=== DATA EXTRACT ===
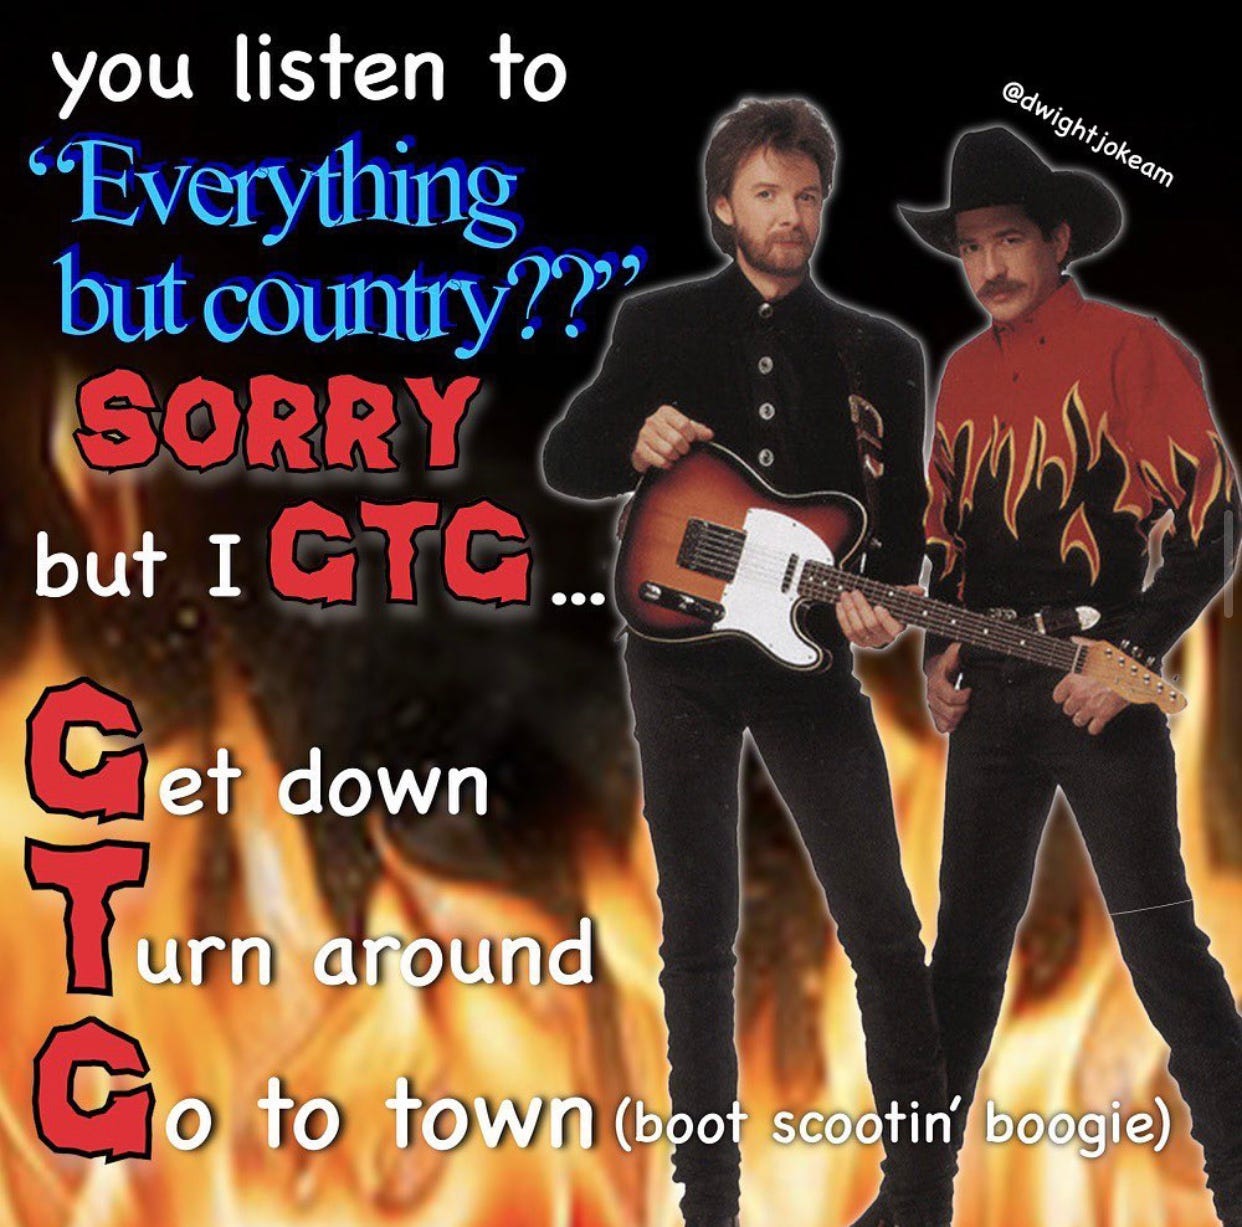 Meme from dwightjokeam that says "You listen to everything but country?" Sorry but I GTG - Get Down, Turn Around, Go to Town (boot scootin boogie)""
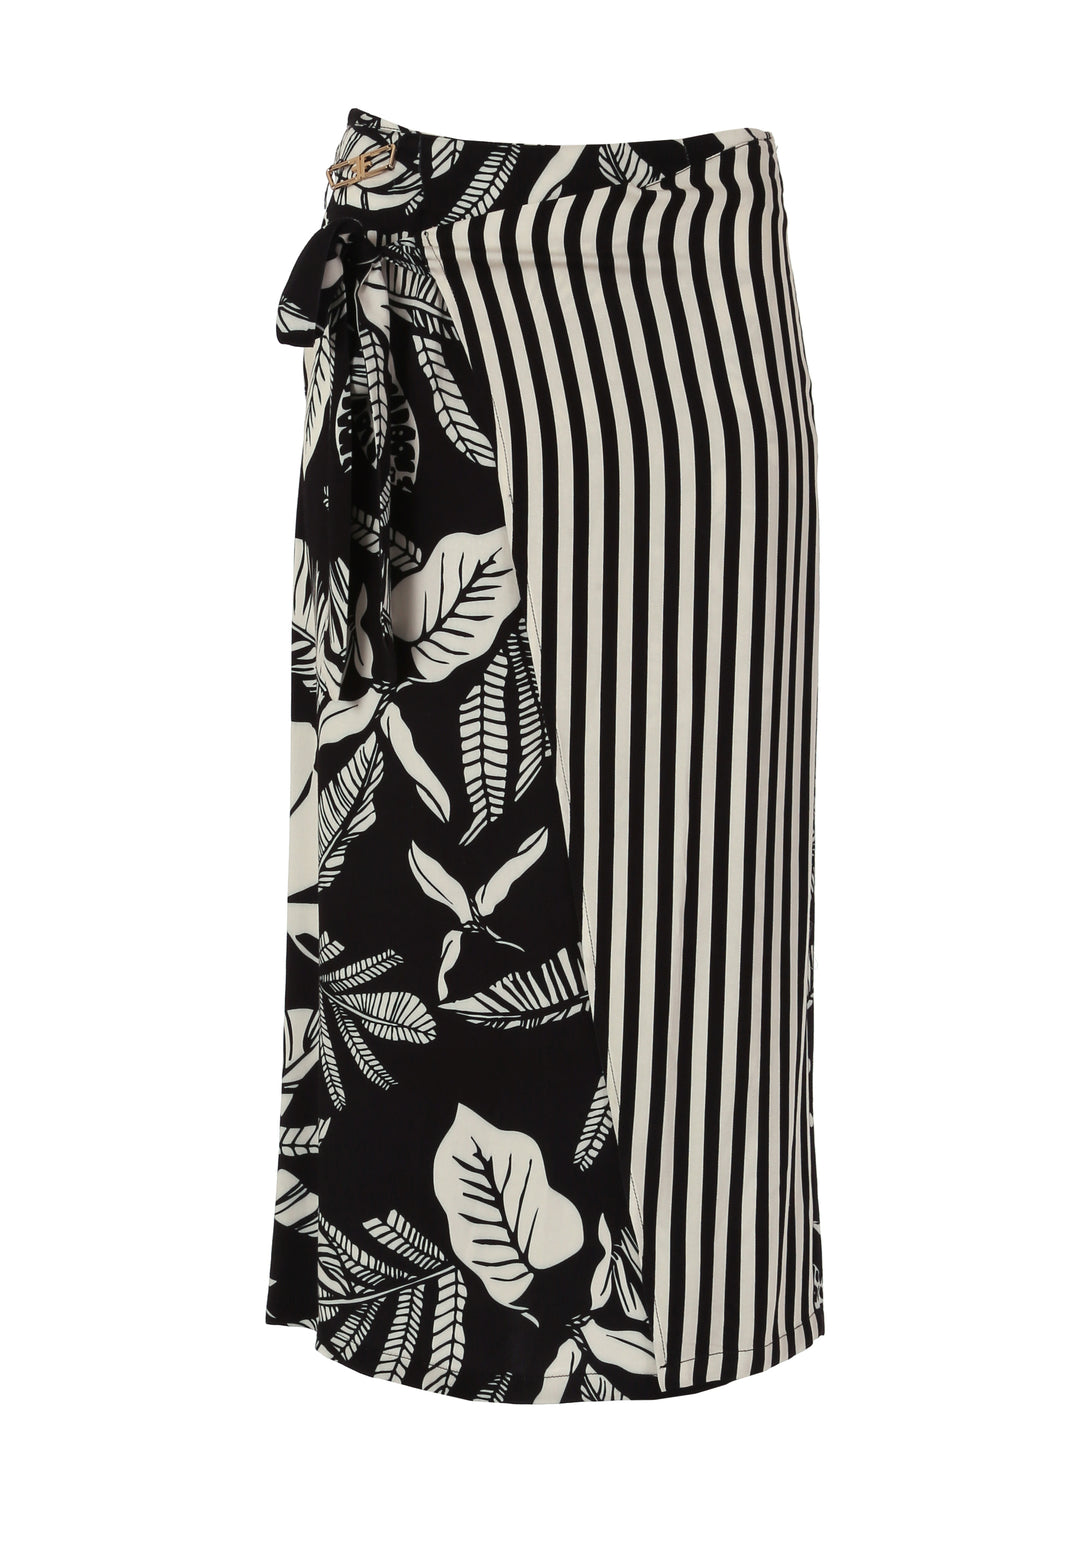 Skirt regular fit, middle length, striped and with flowery  pattern
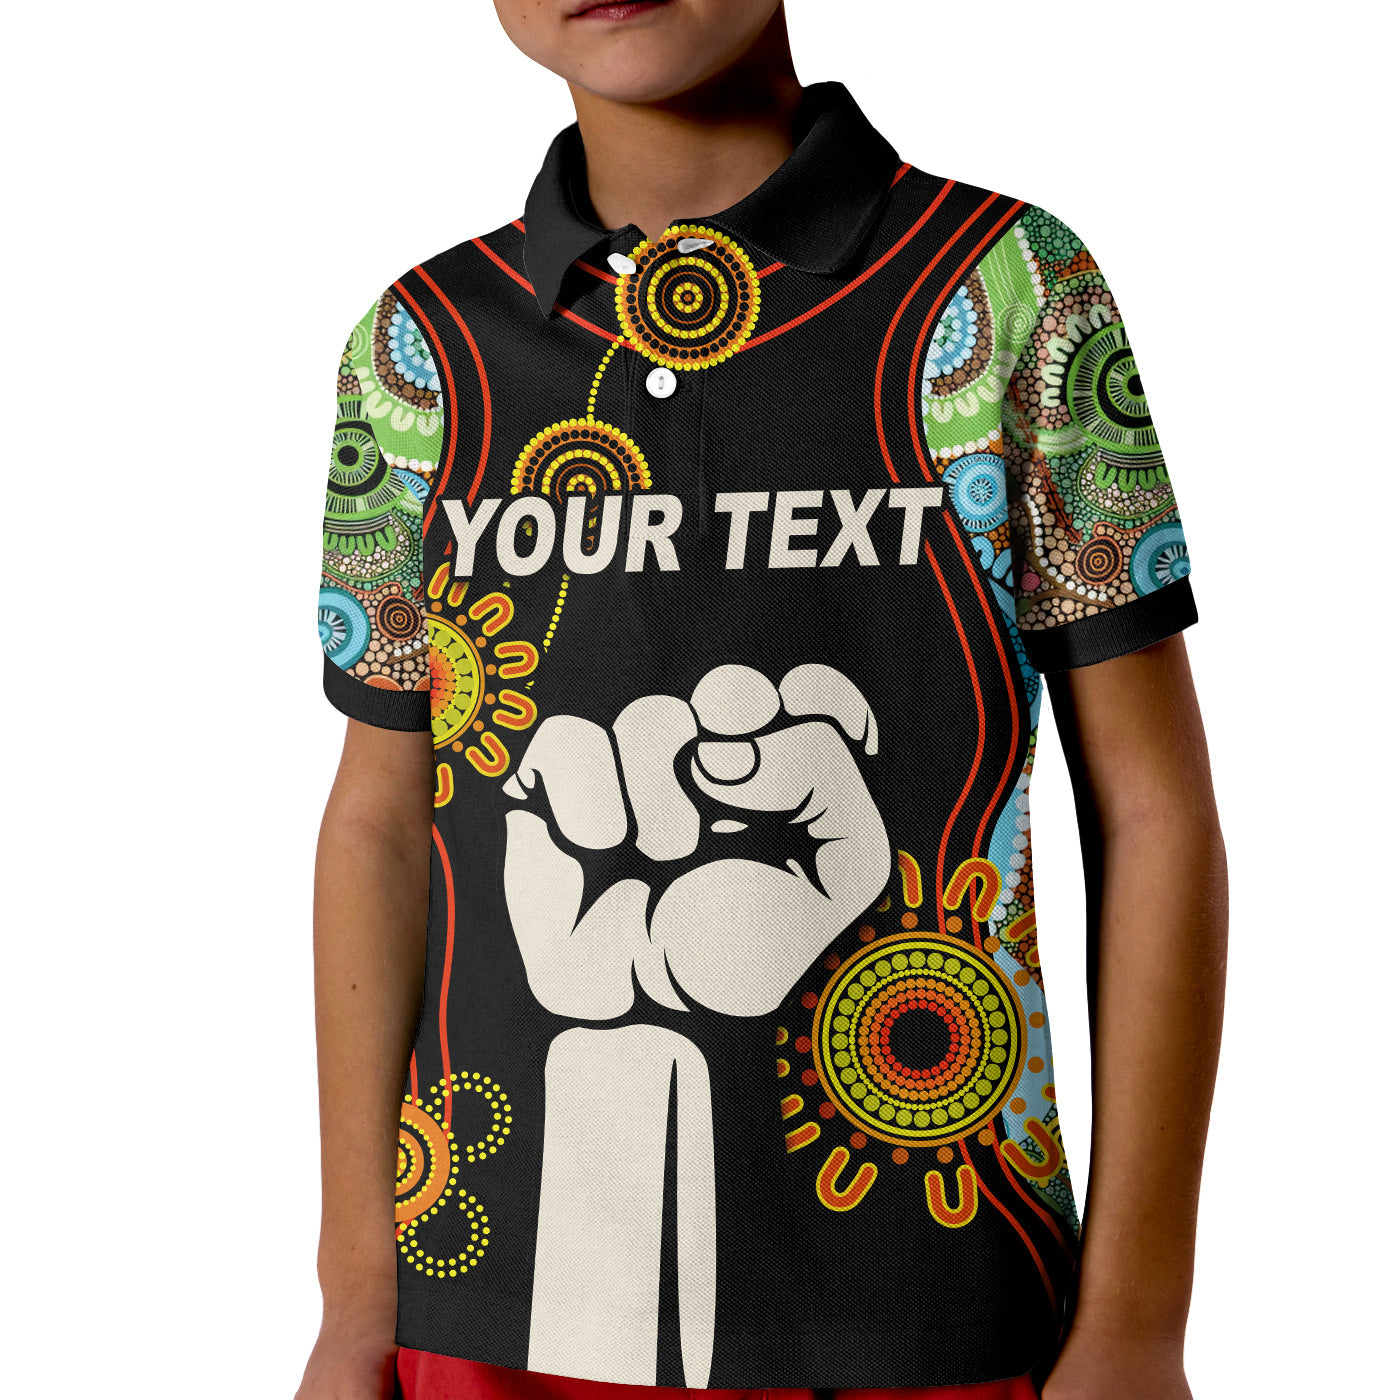 custom-personalised-naidoc-2022-polo-shirt-proud-history-of-getting-up-standing-up-and-showing-up
===
*WHAT IS BEING ASKED*: With the pictures left out, return all the material above exactly.

*WRITTEN ANSWER*:
 Meme from dwightjokeam that says "You listen to everything but country?" Sorry but I GTG - Get Down, Turn Around, Go to Town (boot scootin boogie)""
 Skirt regular fit, middle length, striped and with flowery  pattern
 custom-personalised-naidoc-2022-polo-shirt-proud-history-of-getting-up-standing-up-and-showing-up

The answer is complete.